2.5. En l'espèce, l'appelante a déposé une plainte pénale en date du 26 avril 2019 pour dénoncer le vol de divers bijoux, dont la chevalière en cause. Il est manifeste que son intention était, d'une part, de dénoncer la spoliation de son bien dans l'optique de pouvoir le recouvrer et, d'autre part, de voir l'auteur présumé poursuivi en justice. Certes, la plainte pénale dénonce des faits déterminés, soit les circonstances dans lesquelles le vol à l'astuce s'est déroulé, mais il serait faire preuve d'un formalisme excessif que de circonscrire aussi étroitement le comportement que la plaignante souhaitait dénoncer, à l'exclusion des faits reprochés au prévenu, subornant la poursuite de ces derniers au dépôt d'une nouvelle plainte. En effet, il est compréhensible qu'un lésé, qui dénonce le vol de son bien, compte sur les autorités pénales pour poursuivre l'auteur du vol, mais également les éventuels auteurs qui se seraient accaparés sa propriété par la suite. On ne peut exiger d'un plaignant qu'il anticipe l'éventualité d'un recel, d'une appropriation illégitime, ou de tout autre comportement risquant d'attenter à sa propriété subséquemment au vol dont il s'est plaint initialement. Un objet volé dans le dessein de procurer un enrichissement illégitime à son auteur pourra être revendu et passera par conséquent de main en main. Par principe, si une plainte est dirigée contre inconnu, c'est dans l'optique de permettre à la partie plaignante de viser tout éventuel possesseur usurpant sa propriété.

L'appelante a activement participé à la procédure pénale. Quand bien même elle a fait preuve de compréhension face aux explications du prévenu, on ne peut interpréter ses propos comme un retrait de plainte, voire une renonciation à sa qualité de partie plaignante, en particulier au vu des conséquences irrévocables qu'auraient une telle déclaration. Le fait qu'elle appelle du jugement du TP démontre précisément sa détermination à ce que la procédure se poursuive. Au vu du contexte, il est en tous les cas impossible d'interpréter ces déclarations, sans équivoque, comme tel.

En définitive, aucun empêchement de procéder ne justifie de ne pas entrer en matière.

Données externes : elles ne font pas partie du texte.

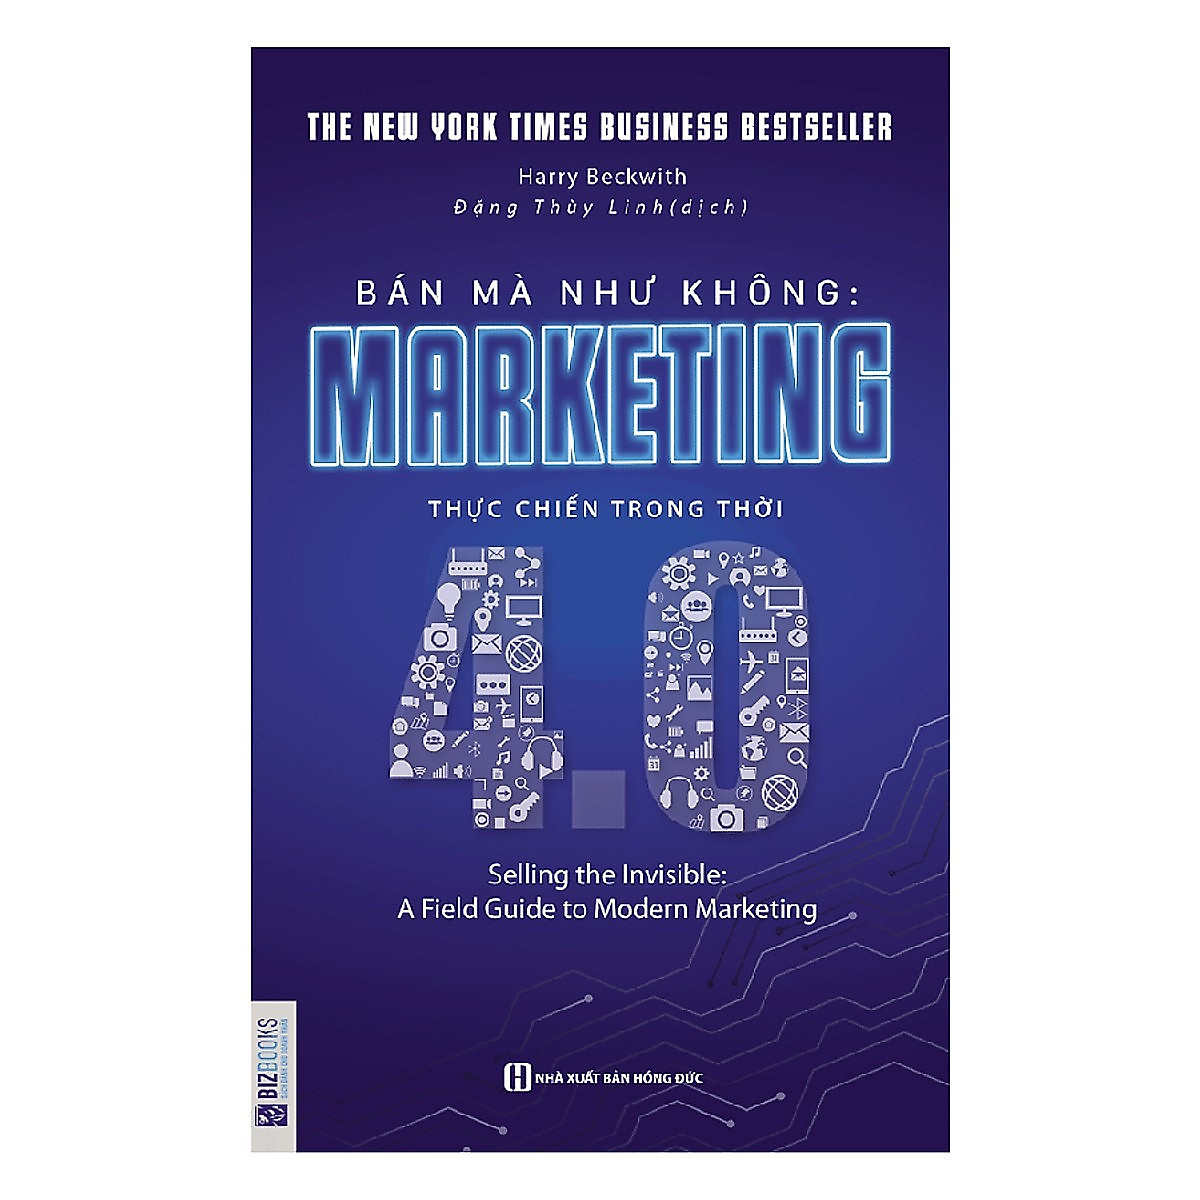 Combo Bộ 2 Cuốn Chiến Thuật Marketing Đặc Sắc: Marketing Du Kích - 30 Chiến Lược Thực Chiến + Marketing Thực Chiến Trong Thời 4.0 - MinhAnBooks

3. Conformément à l'art. 403 al. 4 CPP, les débats d'appel seront convoqués, étant précisé qu'au vu du jugement d'acquittement rendu, il y a lieu de procéder par oral (arrêt du Tribunal fédéral 6B_1349/2020 du 17 mars 2021). L'attention des parties est attirée sur le fait que l'appel est réputé retiré si la partie qui l'a déclaré fait défaut aux débats d'appel sans excuse valable et ne se fait pas représenter, ou ne peut être citée à comparaître (art. 407 al. 1 let. a et c CPP).

* * * * *


 

PAR CES MOTIFS,
LA COUR :

Déclare recevable l'appel formé par A______ contre le jugement JTDP/1073/2022 rendu le 2 septembre 2022 par le Tribunal de police dans la procédure P/19458/2021.

Ordonne la procédure orale.

Impartit à l'appelante et à l'intimé C______ un délai échéant au 13 juin 2023 pour le dépôt de leurs conclusions chiffrées en indemnisation au sens des art. 429, 433 et 436 CPP, accompagnées de leurs justificatifs, copie devant en être simultanément communiquées aux parties.

Cite les parties à comparaître aux débats d'appel, fixés le 20 juin 2023, à 14h.

Dit qu'il sera statué dans l'arrêt motivé à rendre sur le fond sur les frais de la procédure d'appel, y compris ceux afférent au présent arrêt préparatoire.

Notifie le présent arrêt aux parties.

 

La greffière :

Melina CHODYNIECKI

 

Le président :

Vincent FOURNIER

 

 

 

 

 

 

 

Indication des voies de recours :

 

Conformément aux art. 78 ss de la loi fédérale sur le Tribunal fédéral du 17 juin 2005 (LTF; RS 173.110), le présent arrêt peut être porté dans les trente jours qui suivent sa notification avec expédition complète (art. 100 al. 1 LTF) par-devant le Tribunal fédéral par la voie du recours en matière pénale.

 

Le recours doit être adressé au Tribunal fédéral, 1000 Lausanne 14.